The annotations continue to show that we have two main causes (accounting together for ~90% of the cases):

cache: Managers: 1 (https://aaaaaaaaaaaaaa.aaaaaaaaaa.aaa: Closing, ) - bug 1727526 did not yield any conclusion, yet
QM: 1 normal origin ops pending - this one merits more investigation

In order to investigate 2. - it seems there is no way to know, which operation is pending here? It would probably make a huge difference if it can be randomly any kind or if we see only very few types of operations here?

Jens Stutte [:jstutte]

Assignee

Updated

•

3 years ago

Depends on: 1759732

Jens Stutte [:jstutte]

Assignee

Comment 34

•

3 years ago

(In reply to Jens Stutte [:jstutte] from comment #33)

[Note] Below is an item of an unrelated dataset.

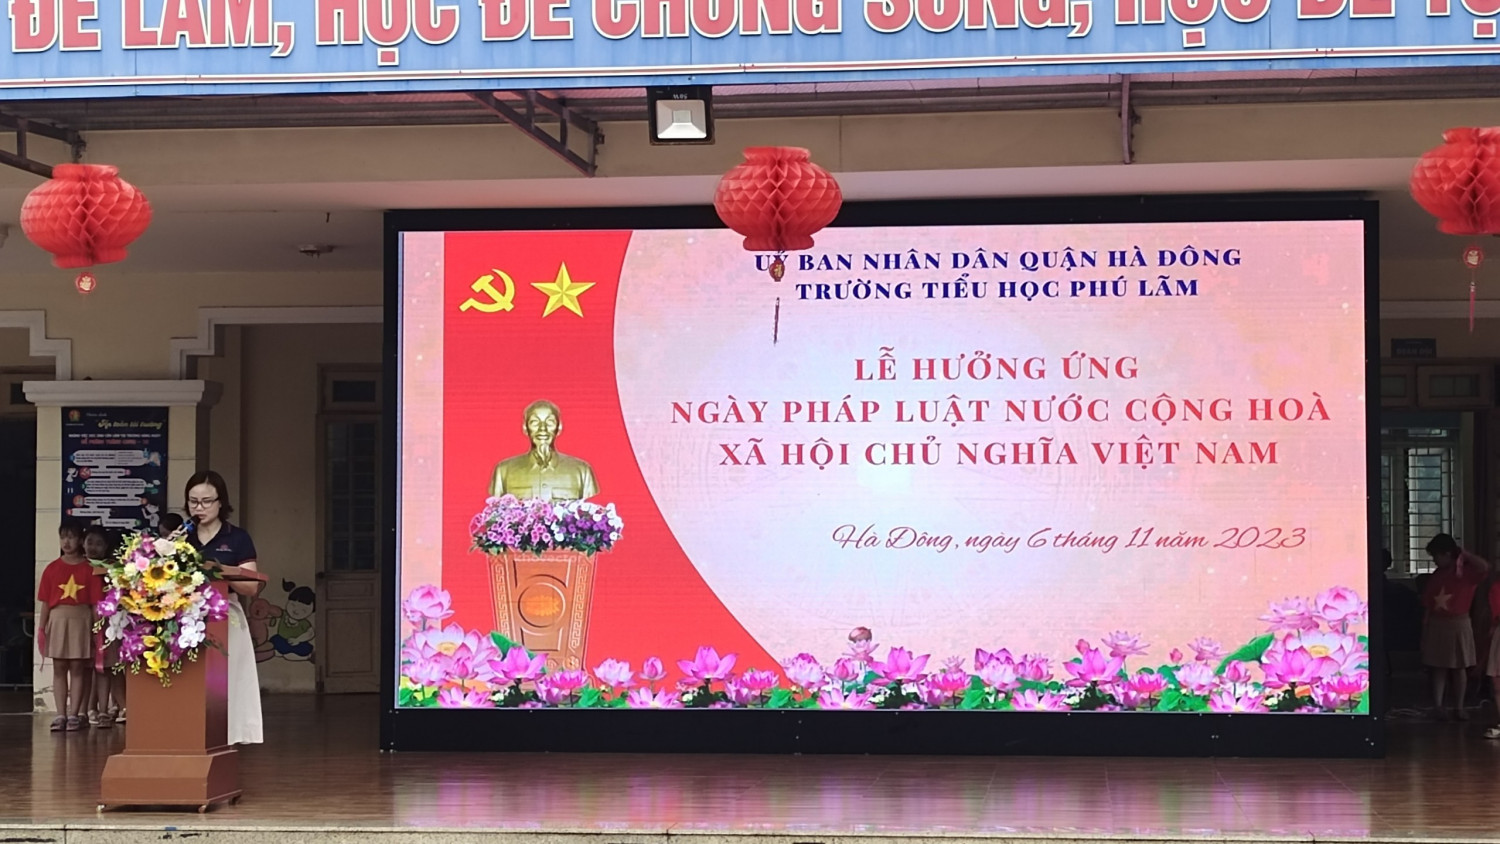 Ảnh lễ hưởng ứng Ngày pháp luật Việt Nam

QM: 1 normal origin ops pending - this one merits more investigation

So the first ever crash with the new annotation shows:

that the annotation works!
that we directly trapped into a case with a very high # (35947) of pending ops
where all those pending ops are dom::quota::ClearOriginOp

Now it seems difficult to believe (though not impossible) that we want to delete ~36K of distinct origins here?

Jan Varga [:janv]

Reporter

Comment 35

•

3 years ago

I'm not that surprised that a shutdown hang is caused by trying to do too much I/O, but 36K is quite a lot.
Bug 1733107 should help a bit.
(The de-duplication is probably a good idea).

Jan Varga [:janv]

Reporter

Comment 36

•

3 years ago

There's also the repeated directory removal in the log, so it seems origin directories can't be deleted during shutdown and the number of origin then grows and grows.

Jan Varga [:janv]

Reporter

Comment 37

•

3 years ago

Or some third-party party app interferes with us and slows down the clearing.

Jens Stutte [:jstutte]

Assignee

Comment 38

•

3 years ago

(In reply to Jan Varga [:janv] from comment #35)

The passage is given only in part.